Когда мысль человеческая достигла до этой степени сознания и силы, когда она окрепла в ней, узнала свою несокрушимую мощь, — открылось в греческом мире зрелище блестящее, увлекательное, торжество юношеского упоения в науке. Я говорю об оклеветанных и непонятых софистах. Софисты — пышные, великолепные цветы богатого греческого духа — выразили собою период юношеской самонадеянности и удальства; вы в них видите человека, только что освободившегося из-под опеки и не получившего еще определенного назначения; он предается всем сердцем чувству своей воли, своего совершеннолетия и в этом увлечении свидетельствует, что он еще не совершеннолетний; юноша сознал ужасную власть, находящуюся в его распоряжениях; ничто не связывает его гордого сознания, он играет своим достоянием, всем на свете, т. е. всем важным для обыкновенного собственника, и в то время, как тот печально качает головой, глядя на его расточительность, юноша презрительно смотрит на него, держащегося за свои точимые молью богатства; он понял шаткость и несостоятельность всего окружающего; он опирается на одно — на свою мысль; это его копье, его щит, — таковы софисты. Что за роскошь в их диалектике! что за беспощадность! что за развязность! какая симпатия со всем человечественным! Что за мастерское владение мыслию и формальной логикой!
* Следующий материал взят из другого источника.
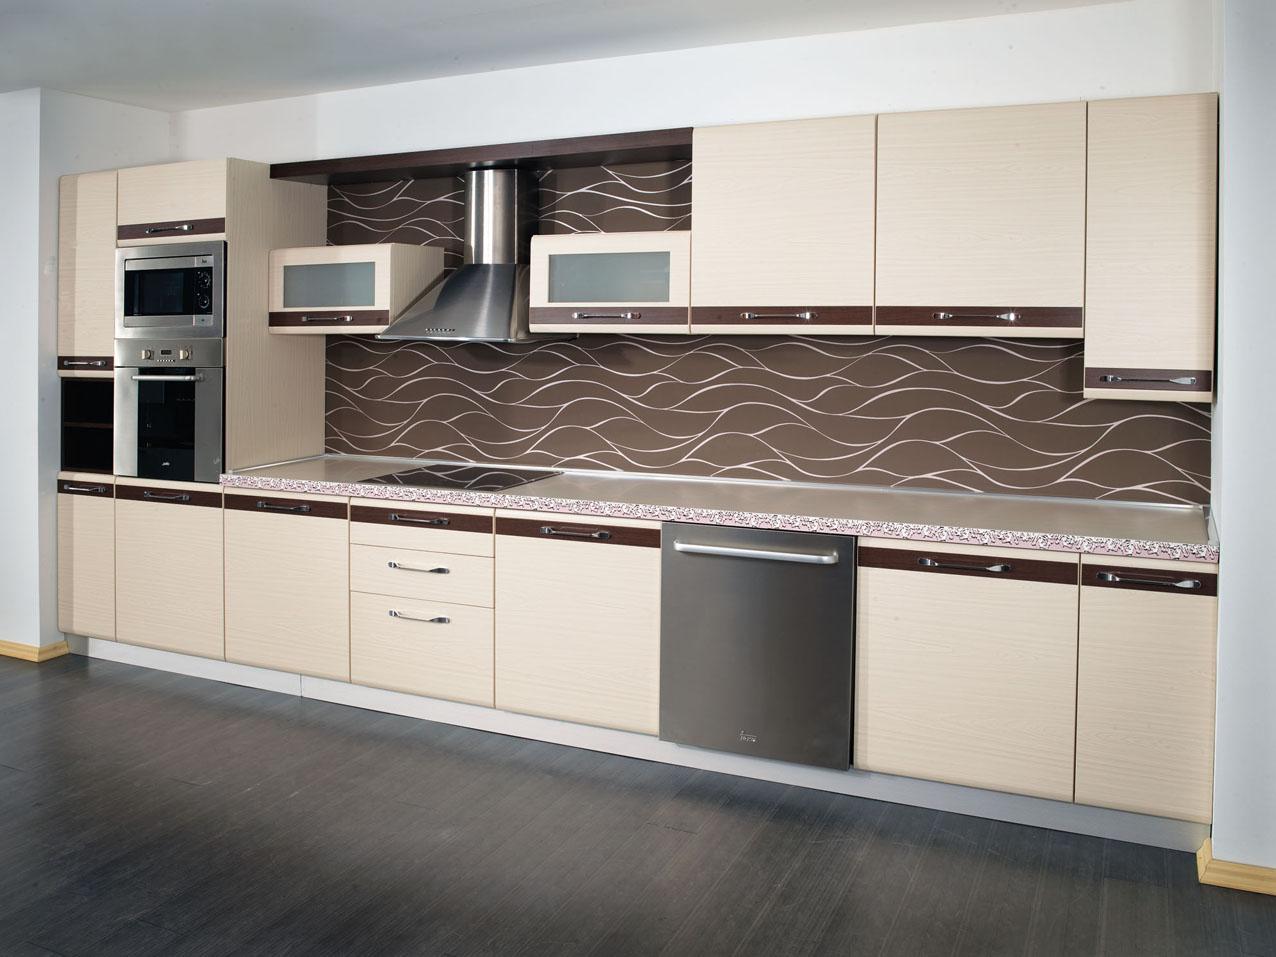 latest designer kitchen. Indian Kitchen Designs  Source 55 Modular Kitchen Design Ideas For Indian Homes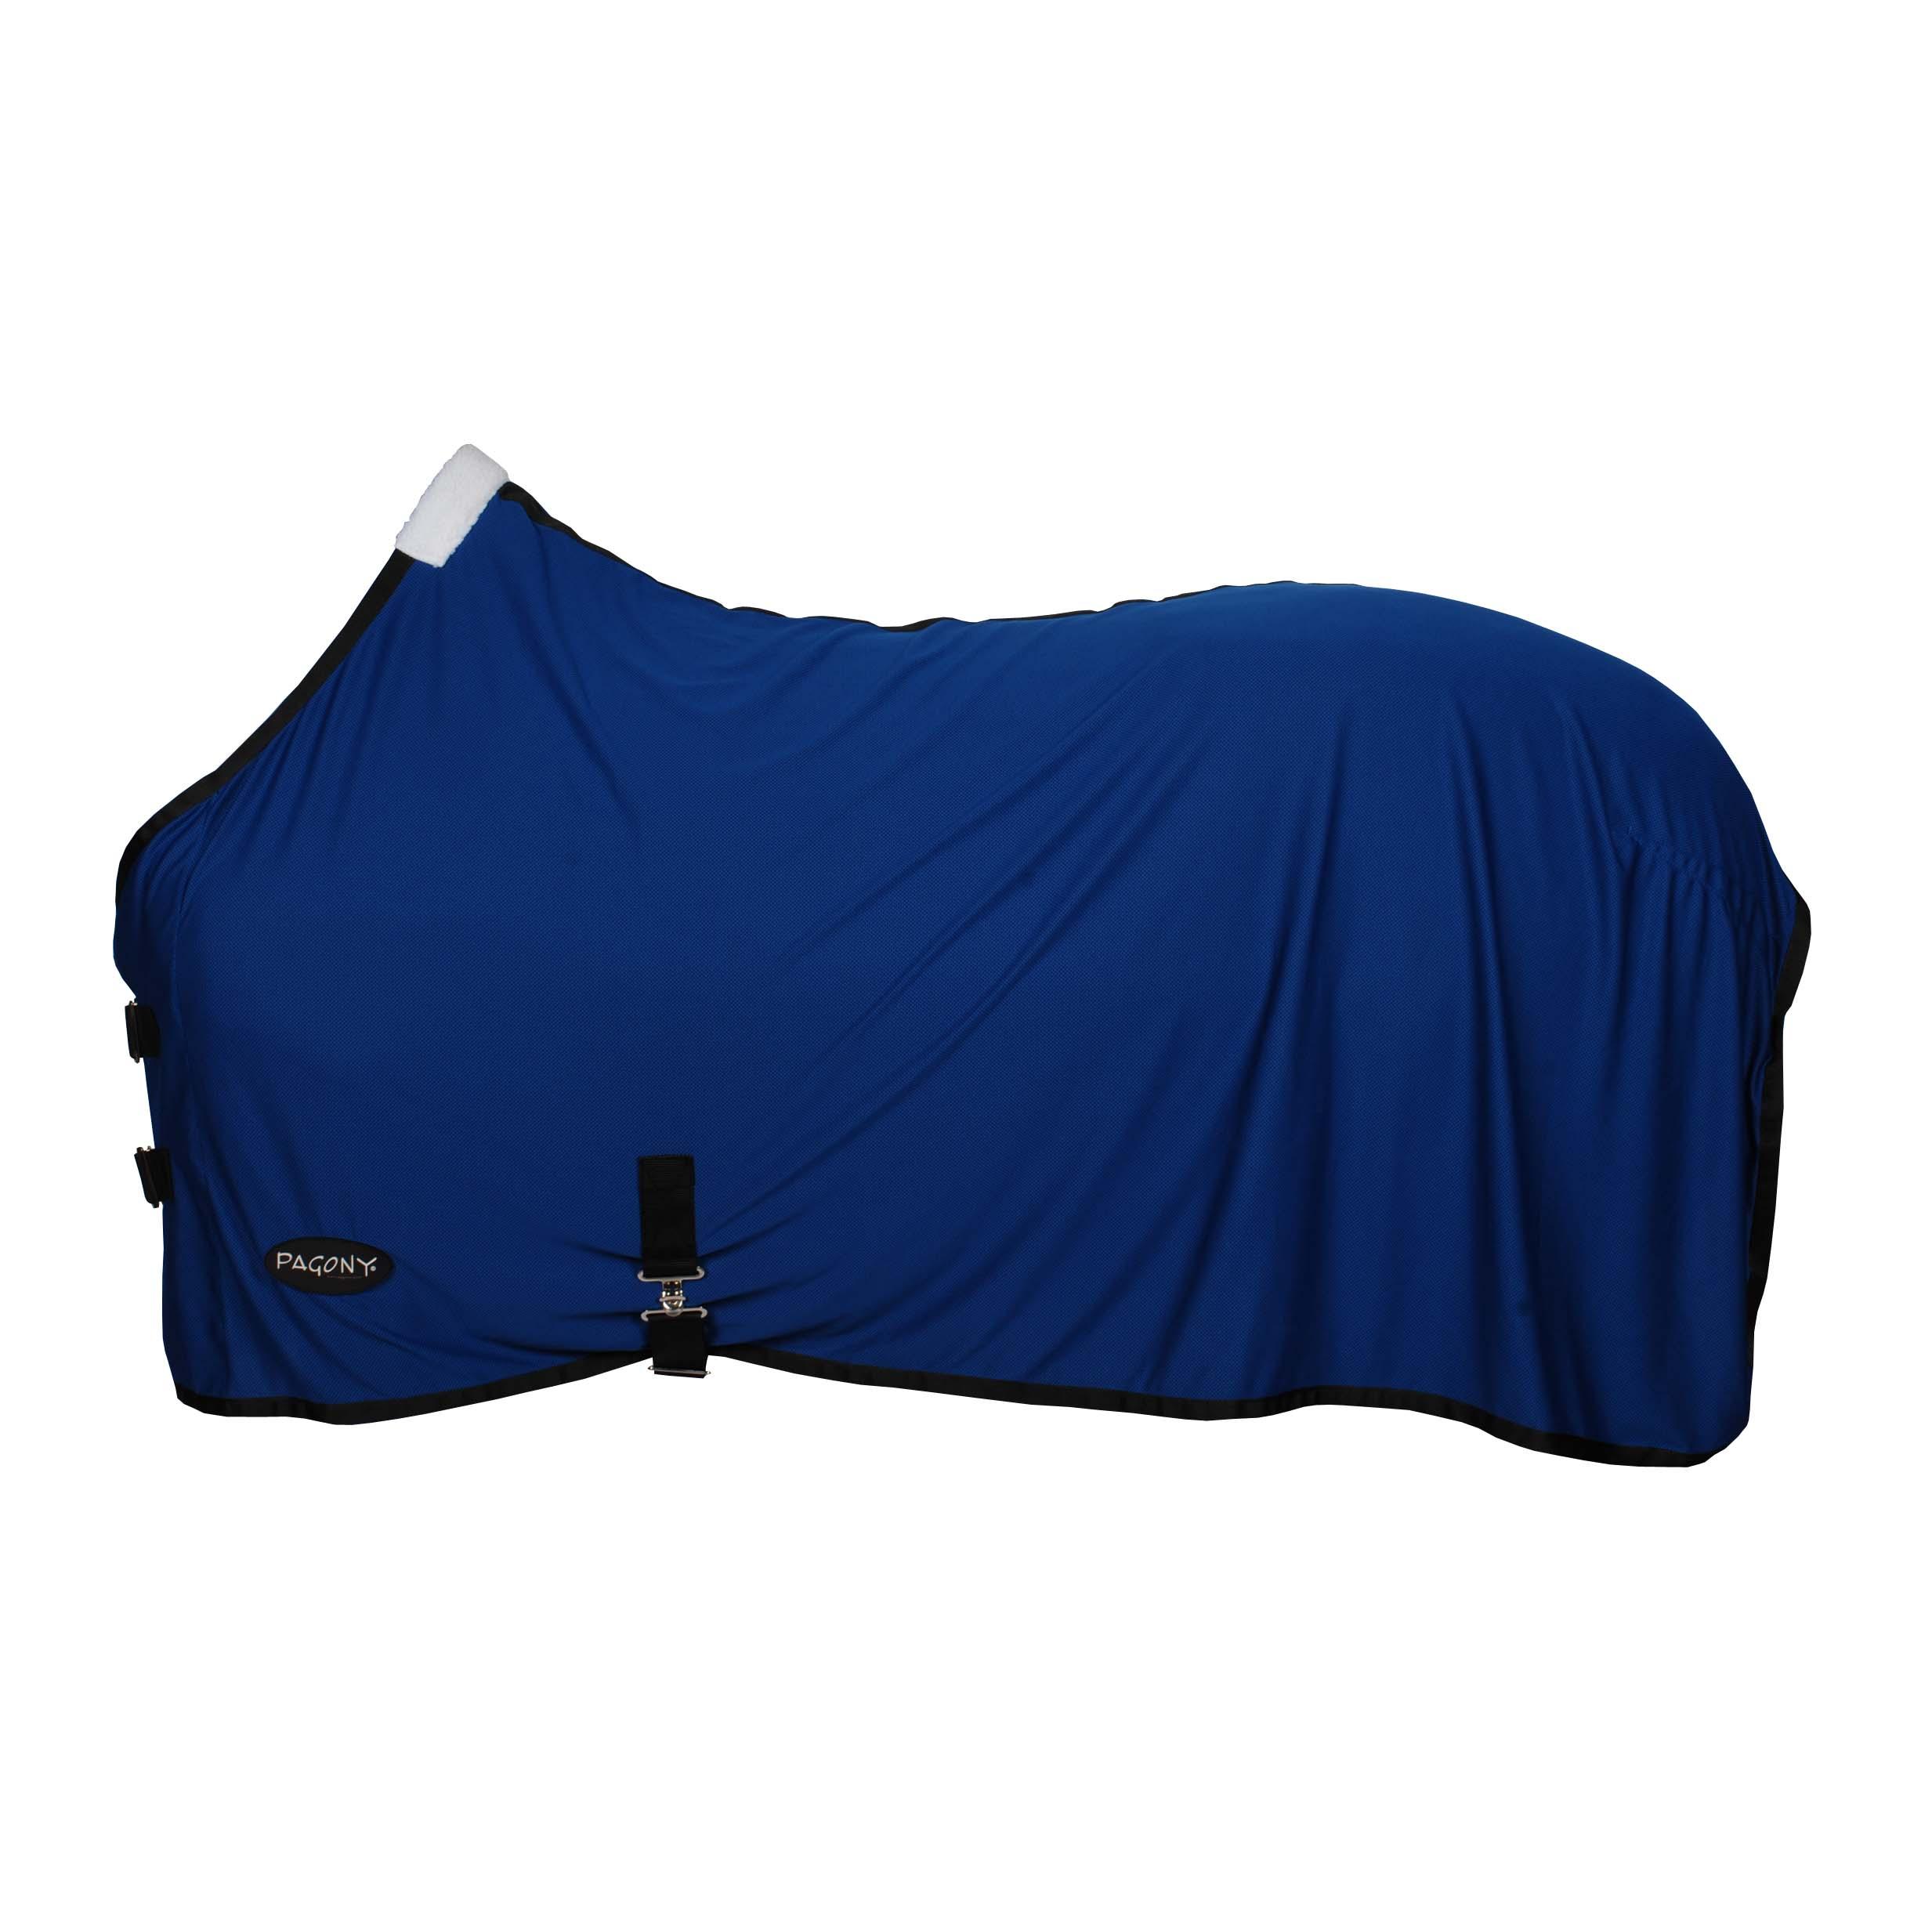 Pagony Cooler deken kobalt maat:185

Их бесконечные споры — эти бескровные турниры, где столько же грации, сколько силы, — были молодеческим гарцеваньем на строгой арене философии; это удалая юность науки, ее майское утро. Сократ и Платон были врагами софистов по праву; они, с их точки зрения, отреклись от них и повели мысль к более глубокому сознанию. Но порицатели софистов, из века в век повторяющие плоские обвинения, свидетельствуют только свою ограниченность и сухой прозаизм своего рассудка; они стоят на той узенькой точке зрения жанлисовской, не очень нравственной морали, которую так любили добрые аббаты-деисты начала прошлого века, те самые, которые беспощадно журили Александра Великого за пристрастие к горячительным напиткам и Юлия Цезаря — за пристрастие к властолюбивым мечтам. С этой точки зрения ни софистов, ни Александра Македонского оправдать нельзя, — но зачем же не предоставить ее исключительно исправительным судам, занимающимся мелкими проступками и уличными беспорядками? зачем ее употреблять при обсуживании всемирноисторических событий?.. Вместо того, чтоб останавливаться на опровержении обветшалых и жалких мнений, представим себе лучше эпоху появления софистов в Греции.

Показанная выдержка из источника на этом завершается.